Monthly Archives: April 2007

You Might As Well Sue: Dorothy Parker Collections, Legal Infractions

Via Dear Author, this Dorothy Parker news:

Starting July 17, 2007, Penguin will be in court to defend itself from allegations of copyright infringement by Stuart Silverstein. For anyone not familiar with how slowly the wheels of justice churn, Silverstein’s case is illlustrative. The story begins in 1994 when Silverstein shopped around a compilation of 122 Dorothy Parker poems, many of which had never been included in book form.

He brought the collection to Penguin and was offered $2,000 for an advance. Silverstein declined and eventually published the collection, NOT MUCH FUN: The Lost Poems of Dorothy Parker through Scribner. In 1999, Penguin released, Dorothy Parker: Complete Poems in 1999, which was essentially a “comma by comma” copy of Silverstein’s work. The Penguin editor admitted that she copied Silverstein’s book and cut and pasted the poems into Complete Poems.

Silverstein filed suit and it has gone round and round (all the way to the 2nd Circuit Court of Appeal) and is now set for trial. The basis of the dispute is whether the compilation by Silverstein contains enough creativity to deserve a copyright.

When I’m less sleepy, I will see what Kevin Fitzpatrick at the Dorothy Parker Society has to say about this. (Their site’s looking really nice these days.
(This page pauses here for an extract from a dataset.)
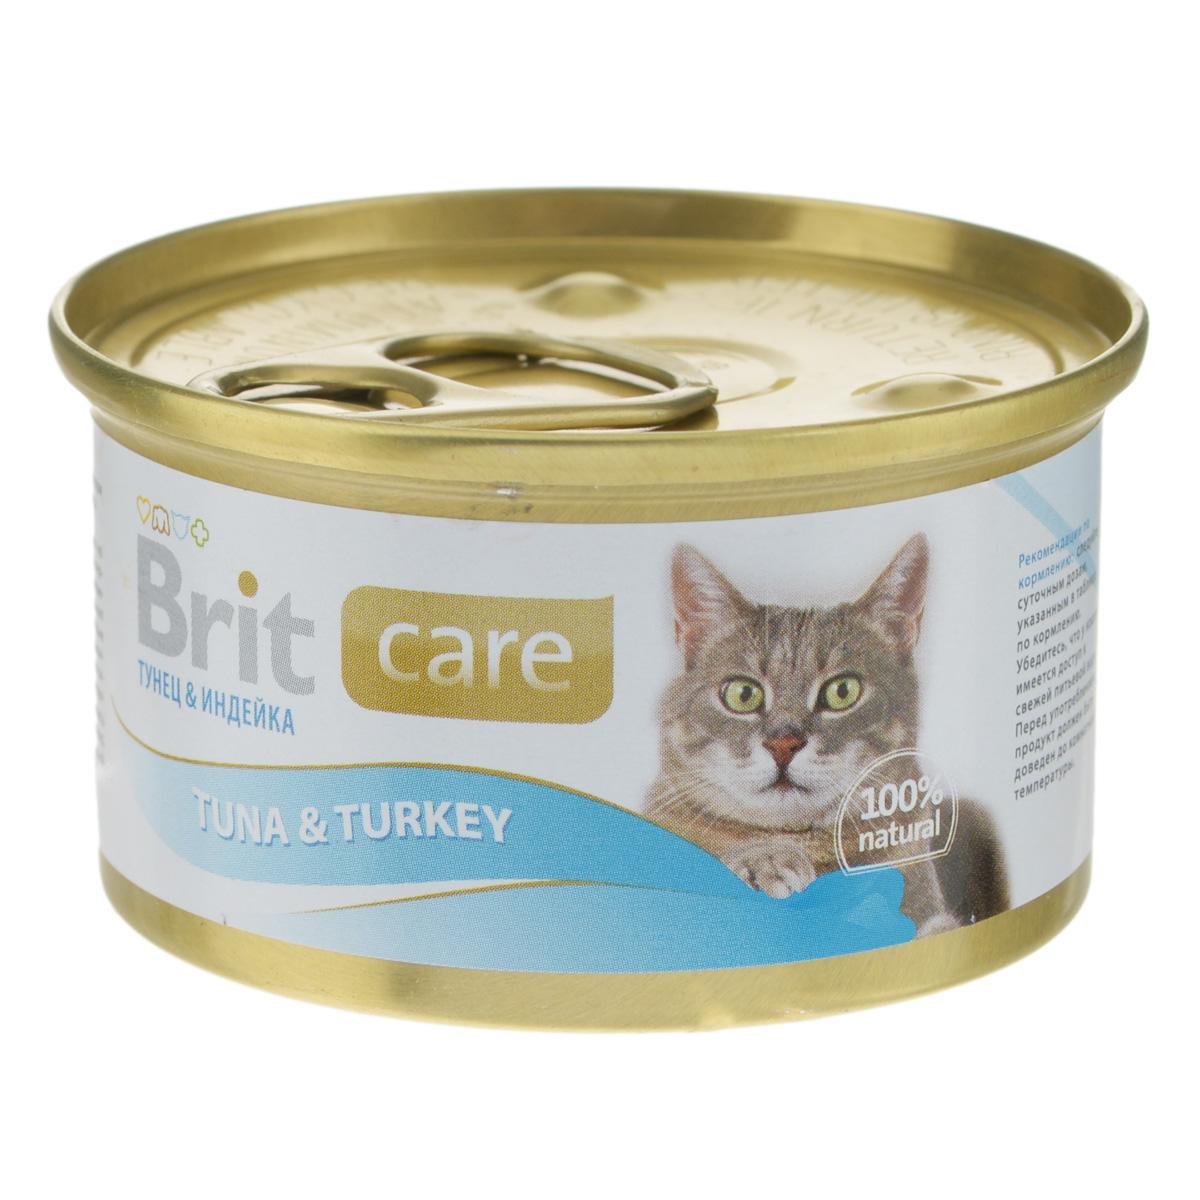 Консервы Brit Care Tuna & Turkey для кошек, тунец и индейка, 80 г100063Консервы для кошек Tuna & Turkey изготовлены из натуральных, гипоаллергенных и легко усваиваемых компонентов, которые не отягощают организм, и предохраняют от пищевой непереносимости организма. Brit Care способствует образованию благоприятной среды в организме кошки и улучшает качество жизни вашей кошки. Состав: тунец 40%, индейка 5%, рис, вода. Содержание питательных веществ: протеин 11%, жир 0,3%, зола 2%, клетчатка 1%, влажность 85%. Товар сертифицирован.

If you live in or are visiting New York and haven’t taken Fitzpatrick’s Algonquin Round Table walking tour—do!) Anyone else know more?

April Fool? For Poetry, a Slightly Pouty Times Correction

In today’s Times:

An essay on March 11 about poetry in The New Yorker magazine referred imprecisely to the poet W. S. Merwin. While he was indeed a special Bicentennial consultant in poetry to the Library of Congress for 1999-2000, a position some consider tantamount to that of a poet laureate, he has not been United States poet laureate.

The essay also misspelled the surname of another poet at one point. He is J. D. McClatchy, not McLatchy. (Go to Article)

Aside to Regret the Error: “at one point”? And “The essay … misspelled”? As Charlton Heston likes to say, essays don’t misspell people, people misspell people. Is this the paper o’ record or a high school Hamlet paper?